Now, as mentioned earlier, we will be using some downloaded pre-trained embeddings. We load these into a Gensim Word2Vec model class. Note that the embeddings we have chosen here require a lot of memory.



In [0]:
import os
from gensim.models import Word2Vec
from gensim.models import KeyedVectors

In [12]:
start = time()

if not os.path.exists(path="./GoogleNews-vectors-negative300.bin.gz"):
  raise ValueError("SKIP: You need to download the google news model")

model = KeyedVectors.load_word2vec_format(fname='./GoogleNews-vectors-negative300.bin.gz', binary=True)

print('Cell took %.2f seconds to run.' % (time() - start))

  'See the migration notes for details: %s' % _MIGRATION_NOTES_URL


Cell took 117.37 seconds to run.


So let's compute WMD using the wmdistance method.



In [13]:
distance = model.wmdistance(sentence_obama, sentence_president)
print (distance)

3.3741233214730024


In [14]:
# Let's try the same thing with two completely unrelated sentences. Notice that the distance is larger.

sentence_orange = 'Oranges are my favorite fruit'
sentence_orange = sentence_orange.lower().split()
sentence_orange = [word for word in sentence_orange if word not in stopwords]

print (model.wmdistance(document1=sentence_obama, document2=sentence_orange))

4.380239402988511


#### Normalizing word2vec vectors

When using the wmdistance method, it is beneficial to normalize the word2vec vectors first, so they all have equal length. To do this, simply call model.init_sims(replace=True) and Gensim will take care of that for you.

Usually, one measures the distance between two word2vec vectors using the cosine distance (see cosine similarity), which measures the angle between vectors. WMD, on the other hand, uses the Euclidean distance. The Euclidean distance between two vectors might be large because their lengths differ, but the cosine distance is small because the angle between them is small; we can mitigate some of this by normalizing the vectors.

Note that normalizing the vectors can take some time, especially if you have a large vocabulary and/or large vectors.

Usage is illustrated in the example below.
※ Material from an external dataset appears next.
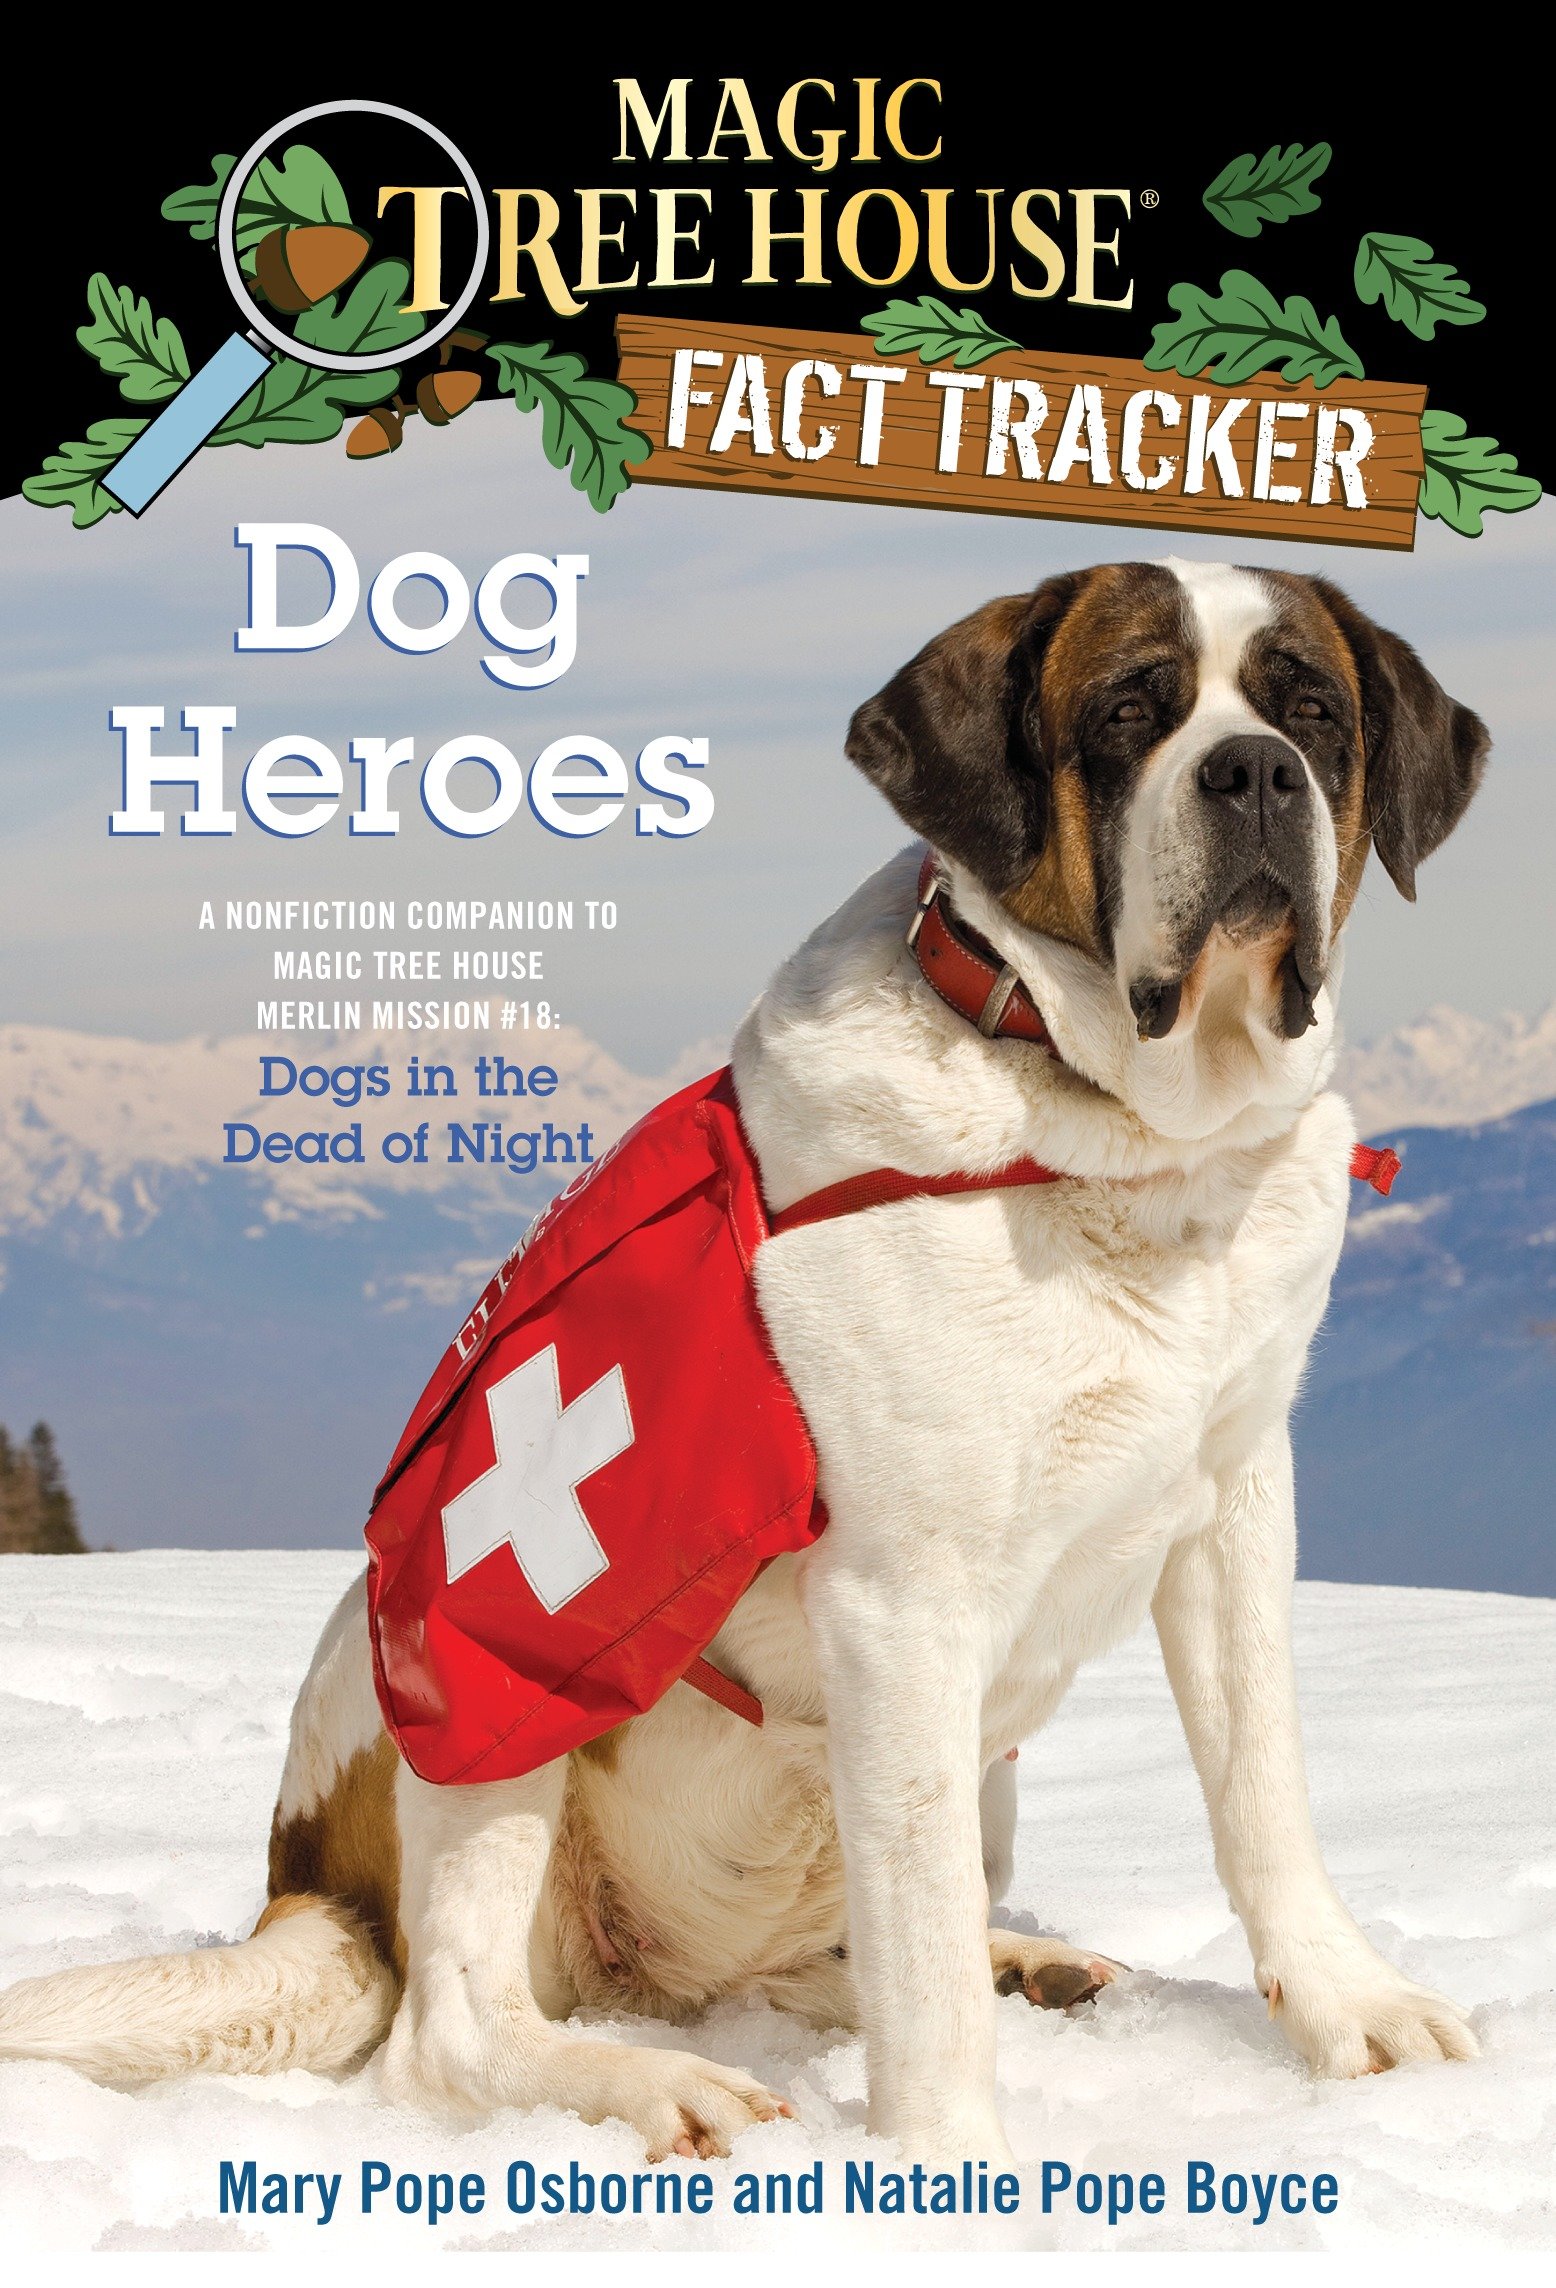 Dog heroes a nonfiction companion to Magic tree house #46: Dogs in the dead of night cover image

It just so happens that the vectors we have downloaded are already normalized, so it won't do any difference in this case.

In [15]:
# Normalizing word2vec vectors.
start = time()

model.init_sims(replace=True)  # Normalizes the vectors in the word2vec class.
print ('Cell took %.2f seconds to run.' %(time() - start))


Cell took 27.60 seconds to run.


In [16]:
print(model.wmdistance(sentence_obama, sentence_president))  # Compute WMD as normal.

print (model.wmdistance(sentence_orange, sentence_obama))

1.0174646259300113
1.3663488311444436


In [0]:
real_captions = ['two dogs playing in the field', 'man in red shirt riding bike', 'little bird sitting on a branch', 'man in blue is in the water']

generated_captions = ['puppies running in the ground', 'man riding bicycle in maroon', 'bird sits in leafless tree', 'child in black wetsuit is in the waves on surfboard']

real_captions = [word for word in real_captions if word not in stopwords]
generated_captions = [word for word in generated_captions if word not in stopwords]

wrong_captions = ['a computer on the floor'] * len(real_captions)

wrong_captions = [word for word in wrong_captions if word not in stopwords]


for x in range(len(real_captions)):
  print (model.wmdistance(real_captions[x], generated_captions[x]))

0.9862614148723878
1.0401546156734276
1.0679314297375004
0.8883583908601389


In [0]:
for x in range(len(real_captions)):
  print (model.wmdistance(real_captions[x], wrong_captions[x]))

1.28264269547198
1.5681078434373743
1.3253273516472157
1.1607600246182723


Better idea to remove the stopwords and then try

In [35]:
idx = 3
reference = [[word for word in real_captions[idx].split()]]
candidate = [word for word in generated_captions[idx].split()]
print (reference, candidate)

[['child', 'in', 'black', 'wetsuit', 'is', 'in', 'the', 'waves', 'on', 'surfboard']] ['man', 'in', 'blue', 'is', 'in', 'the', 'water']


In [36]:
# cumulative BLEU scores
from nltk.translate.bleu_score import sentence_bleu

print('Cumulative 1-gram: %f' % sentence_bleu(reference, candidate, weights=(1, 0, 0, 0), smoothing_function=None))
print('Cumulative 2-gram: %f' % sentence_bleu(reference, candidate, weights=(0, 1, 0, 0), smoothing_function=None))
print('Cumulative 3-gram: %f' % sentence_bleu(reference, candidate, weights=(0, 0, 1, 0), smoothing_function=None))
print('Cumulative 4-gram: %f' % sentence_bleu(reference, candidate, weights=(0,0,0,1)))

Cumulative 1-gram: 0.372251
Cumulative 2-gram: 0.217146
Cumulative 3-gram: 0.130288
Cumulative 4-gram: 0.000000